Spring | 2026
Growing a Garden, Growing a Community
“The most important thing for us is getting kids in the soil and connected with their food.”

What started as a neglected garden space at DeSoto Grade School is now becoming one of the most exciting learning environments in the building. Thanks to a partnership between the school and the nonprofit So ILL Veggies, students from Pre-K through eighth grade are learning about food, science, and community through hands-on gardening experiences.
The opportunity began when members of So ILL Veggies noticed that the school’s garden had fallen into disrepair after the teachers who originally cared for it moved on. Rather than letting the space fade away, the organization reached out with an idea.
Jamie Perryman, CEO of So ILL Veggies, said the situation is common in schools. Teachers often create meaningful programs, but when those educators leave, the work can disappear with them. By stepping in, the nonprofit hoped to revive the garden while building something sustainable for students.
School leaders immediately saw the potential. Superintendent Doug Corzine explained that the district welcomed the partnership because it offered both practical help and educational opportunities. “We immediately thought it was a great idea to have the help to clean up everything and make it look nicer,” Corzine said, adding that the real excitement came from the chance “to integrate it with classrooms and have kids involved.”
The nonprofit itself grew out of a long friendship between Perryman and Jacob Miller, the organization’s Chief Operating Officer. Both men grew up in DeSoto, and Miller spent nearly a decade in California running agricultural programs connected to low-income housing communities. When he returned home, the two began talking about bringing similar ideas to Southern Illinois.
“You see a lot of these programs in other parts of the country,” Perryman said, “but we don’t always have those opportunities here in Southern Illinois.”
Today, the garden is already influencing learning across the school. Outside, raised beds allow students to grow vegetables, fruits, and flowers. Inside the building, two special education classrooms maintain indoor garden beds under grow lights so students can grow crops year-round.
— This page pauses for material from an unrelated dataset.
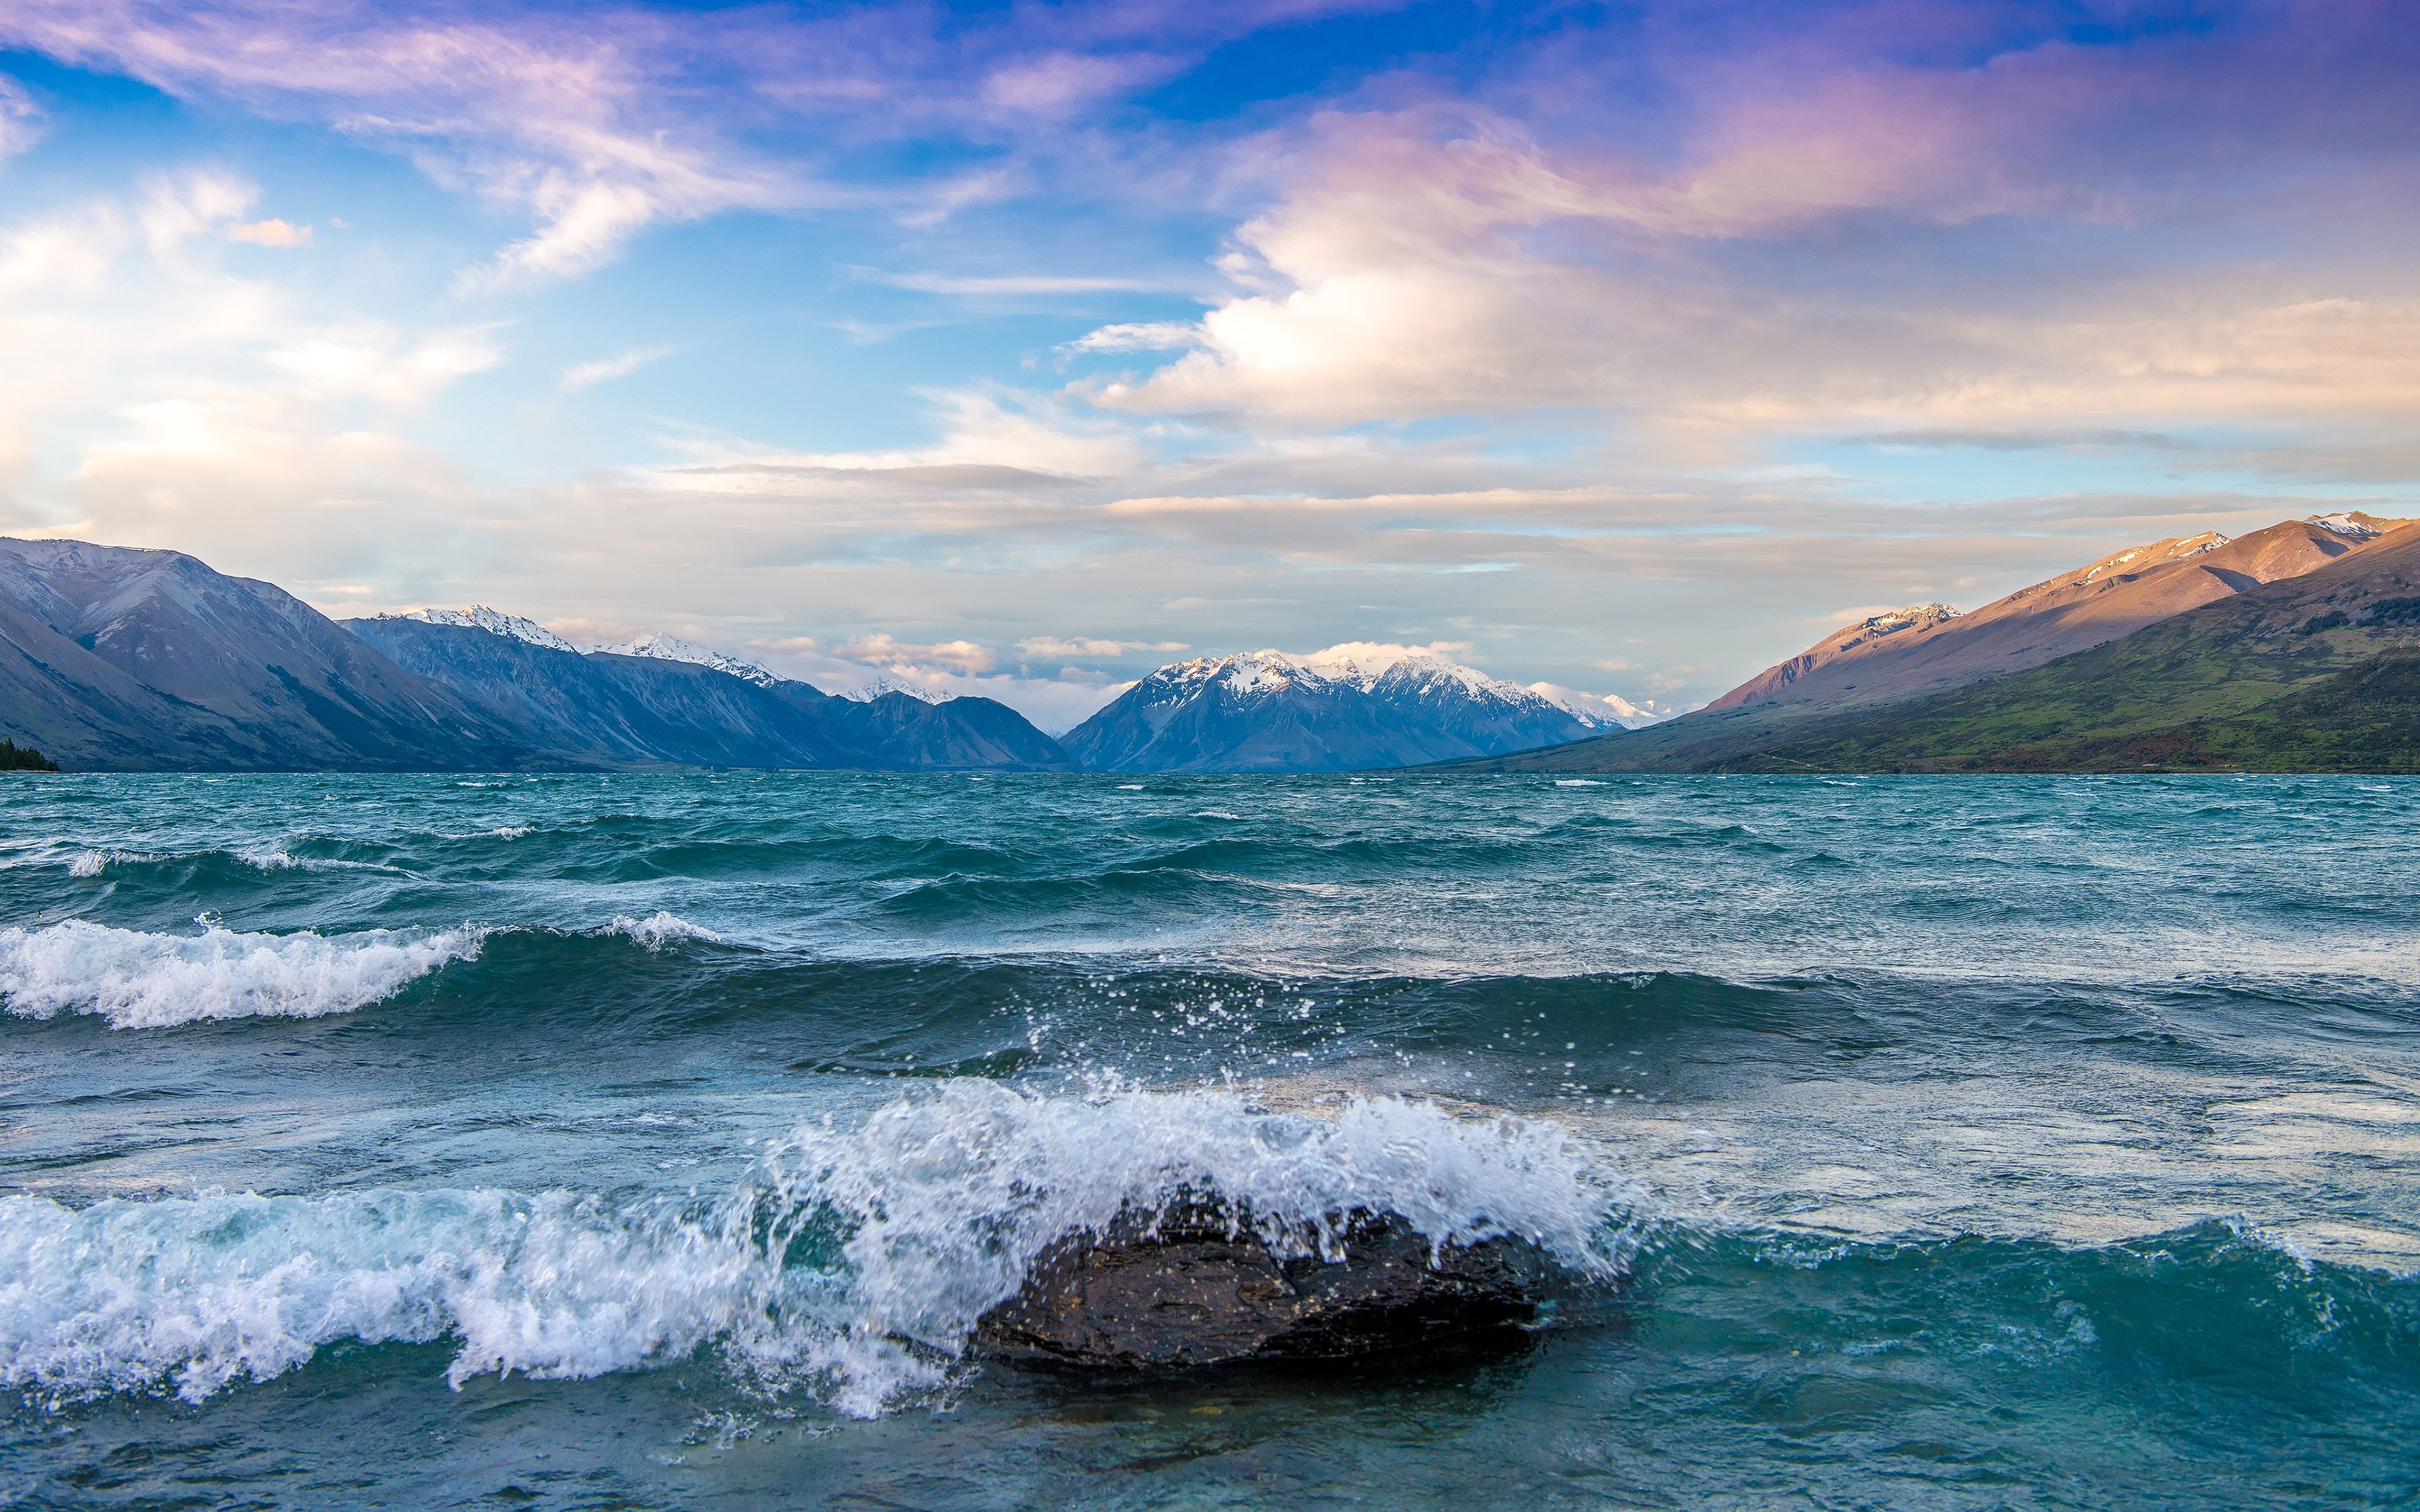 Lake Ohau New Zealand 1440P Resolution HD 4k Wallpaper, Image, Background, Photo and Picture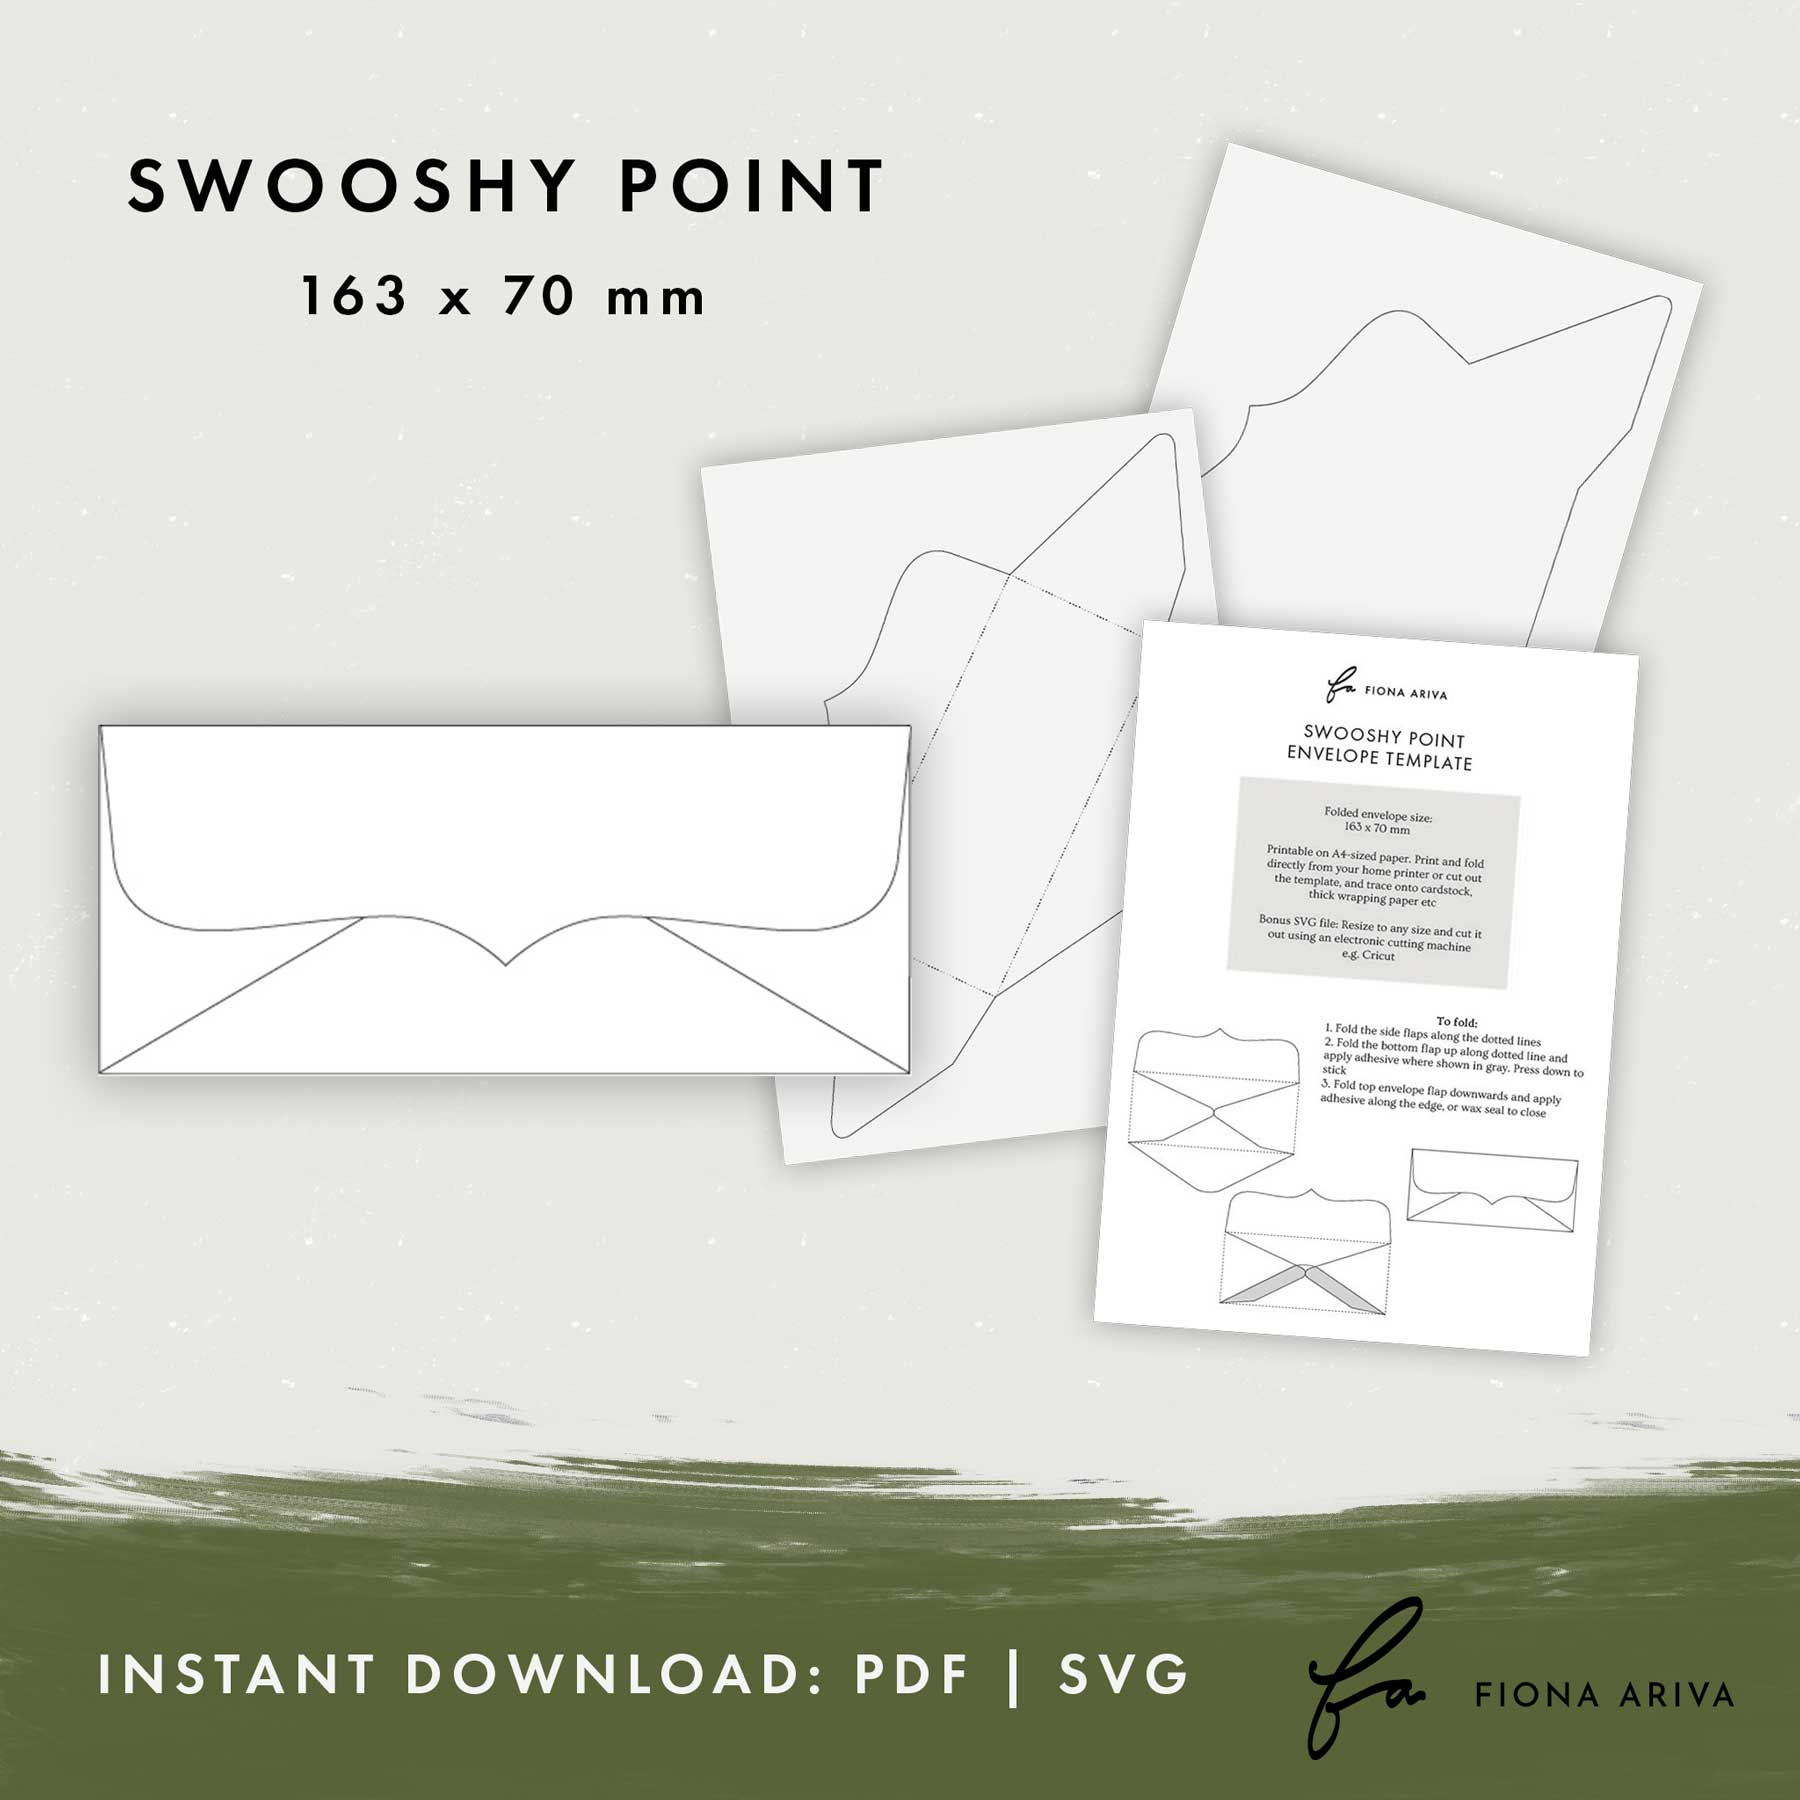 Swooshy Point Downloadable Envelope Template 163 x 70mm

Principal Kelly Taylor said the program is reaching more students than many people realize. “This is not just reaching our junior high students,” she explained. “We have programming for third grade and up, our special education classrooms have garden beds in their classrooms, and even some of our younger students have participated.”
One popular activity is called Grow by the Foot. Third- through fifth-grade students are each responsible for a square foot of garden space that they plant, maintain, and harvest themselves. At the end of the growing cycle, students gather for a shared meal featuring vegetables they helped produce.
The school has also introduced an indoor hydroponic grow tower where lettuce and greens are grown for the school’s salad bar and summer meal program. Taylor said the school has “kind of dipped our toe into serving the crops at lunch,” giving students the chance to see their work appear on the menu.
For Miller, the program is ultimately about connection. “The most important thing for us is getting kids in the soil and connected with their food,” he explained.
The program continues to expand. A junior high garden club will soon help manage the school’s greenhouse and assist with garden projects across the building. The greenhouse itself was made possible through support from the school’s PTO and education foundation, while seeds and supplies have come from donations and local partners, including the Jackson County Farm Bureau.
Looking ahead, the district is thinking even bigger. The school recently purchased thirteen acres of farmland next to the campus, land that could eventually expand the garden program and possibly support a community garden.
For Perryman, the work is about restoring knowledge that once came naturally through families and communities. “These are lessons that used to be passed down from parents and grandparents,” he said, noting that many children today are disconnected from how food is grown.
Miller believes the goal is simple: help students leave school with practical knowledge and confidence. “The long-term vision is that every student who goes through our programming leaves empowered and with the skill set to grow their own food,” he said.
Those interested in learning more about the nonprofit can visit https://soillveggies.org/. Updates and photos of the garden program can also be found on the DeSoto school district’s Facebook page.
For the students planting seeds, harvesting vegetables, and discovering the science of growing food, the lessons in DeSoto’s garden are already taking root—one plant, and one young gardener, at a time.